The Stanley Rule and Level company was formed in the late 1850's and began their business producing a line of folding rules and general hardware in New Britain Conn.

Levels came next, and a few years later they got into the woodworking plane making business producing a line of metal bodied planes utilizing Leonard Baileys Patents and designs for metal bodied bench planes and scrapers.
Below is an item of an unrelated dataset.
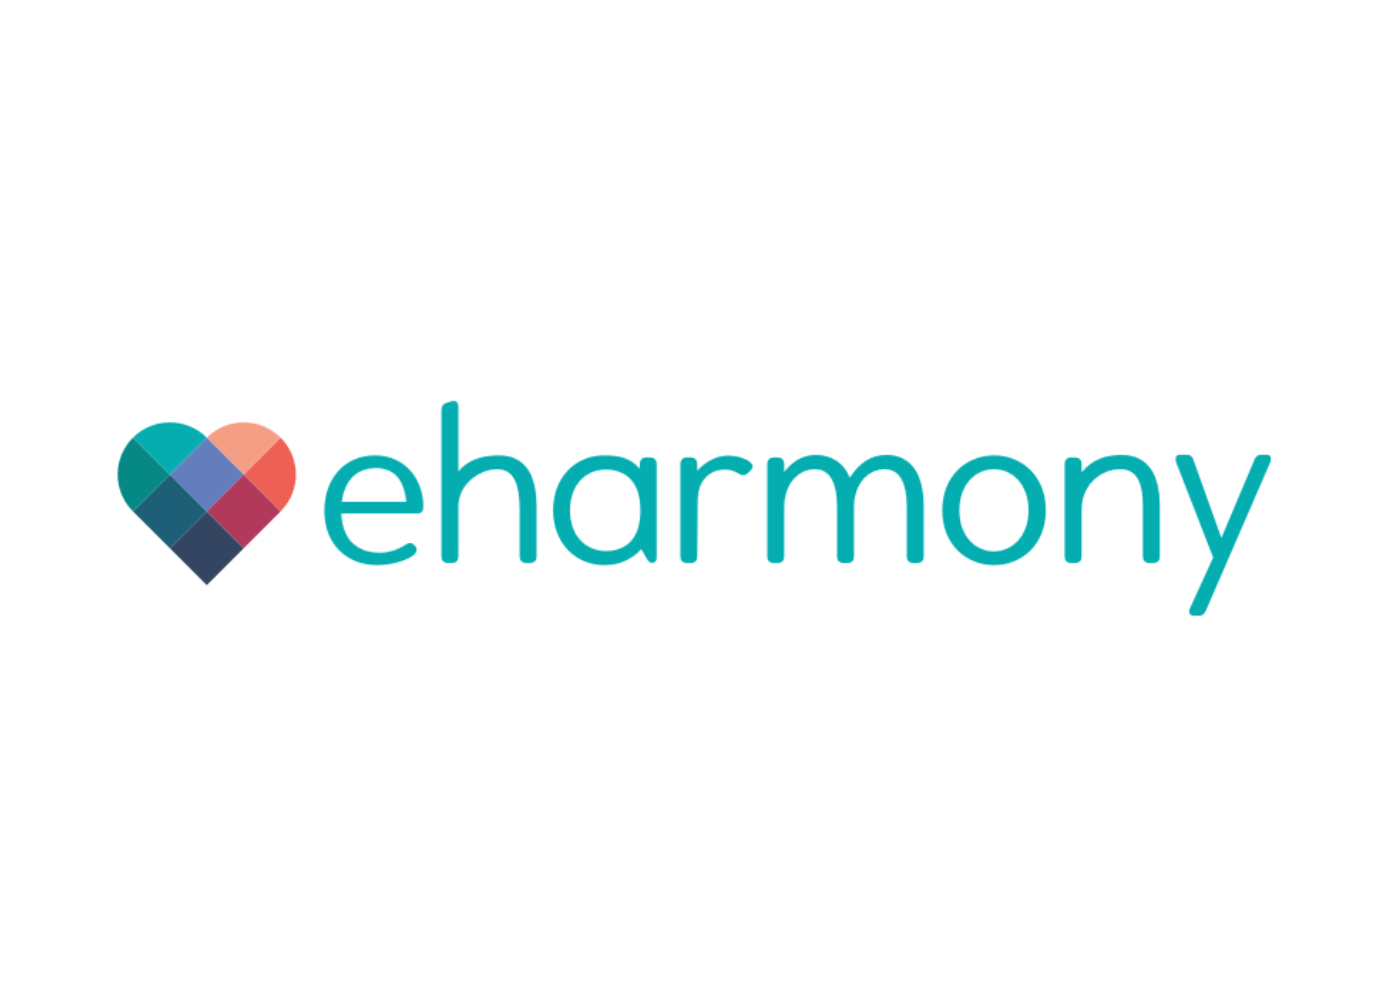 eHarmony Logo - eHarmony Reveals Brand New Logo Dating Insights
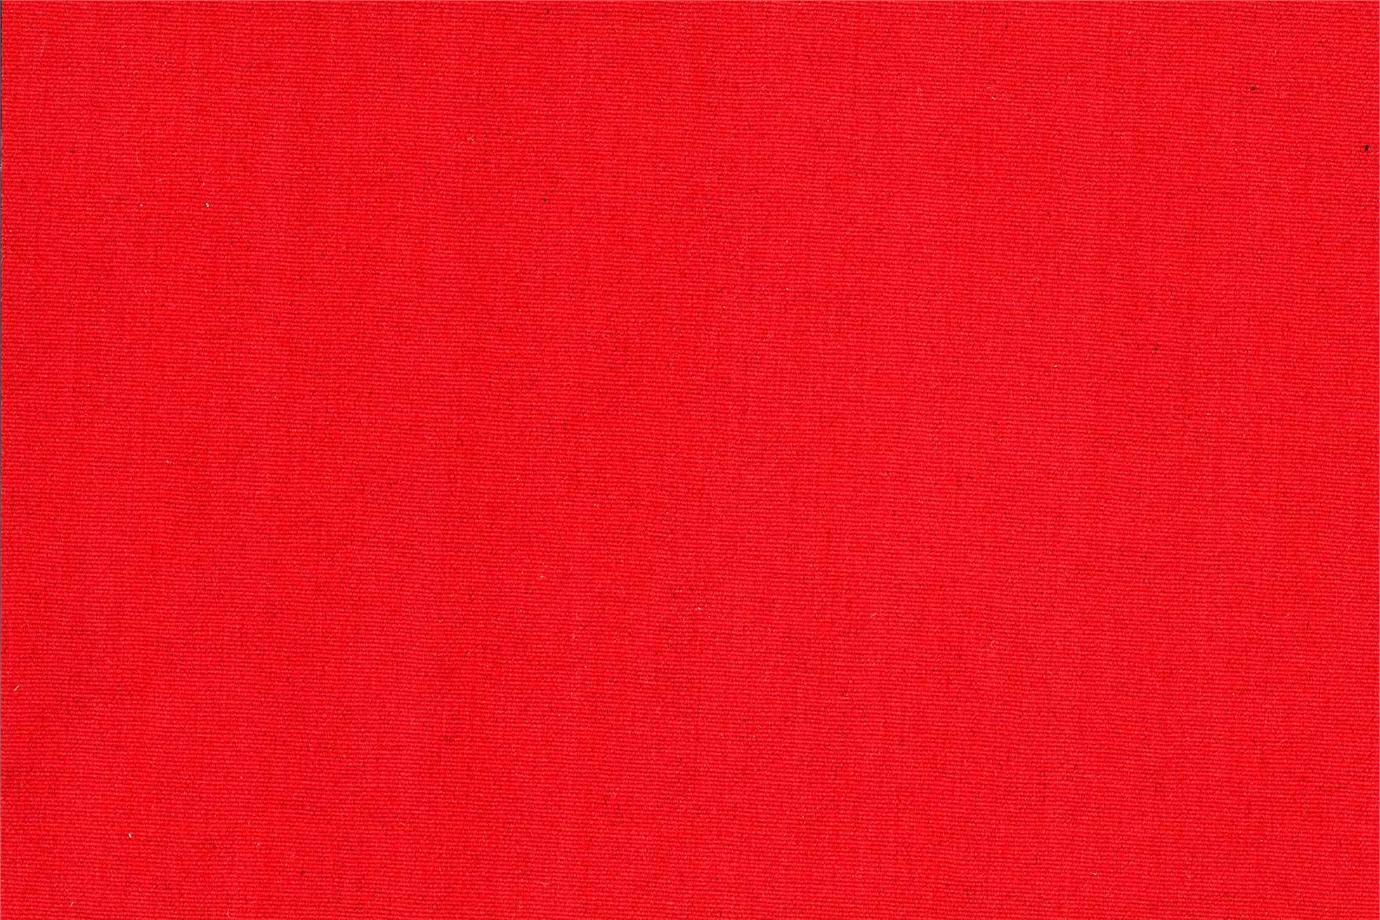 J1843 POGGIOREALE 027 Rosso home decoration fabric

After Stanley's initial success with Leonard Bailey's patents and the acceptance of metal bodied planes by America's working craftsmen Stanley added new designs and innovative models to their line of metal bodied planes including many different rabbet planes, dado planes, compass planes and other specialty planes in addition to standard bench plane lines.

Since that is not an option, I have taken to buying old hand planes and restoring them.

I recently bought a 114-year-old Stanley #5, a 99-year-old #4 and a 76-year-old #3.

Until the mass-production techniques of the Industrial Revolution, wooden planes with iron blades were the dominant form.

In the early 17th century, woodworkers in Europe often personalized this valuable tool, carving dates and decorations into their planes, which they usually made themselves, and buying the cutter blades or irons from blacksmiths.

That will show you what different hand planes have sold for, and in what conditions.

A plane, or hand plane, is a device that holds an iron chisel in a fixed position so wood can be evenly removed from the surface of a board.

They are used to smooth, thin, and flatten wood, as well as to shape the wood for utilitarian purposes like joints and decorative purposes like edges and molding.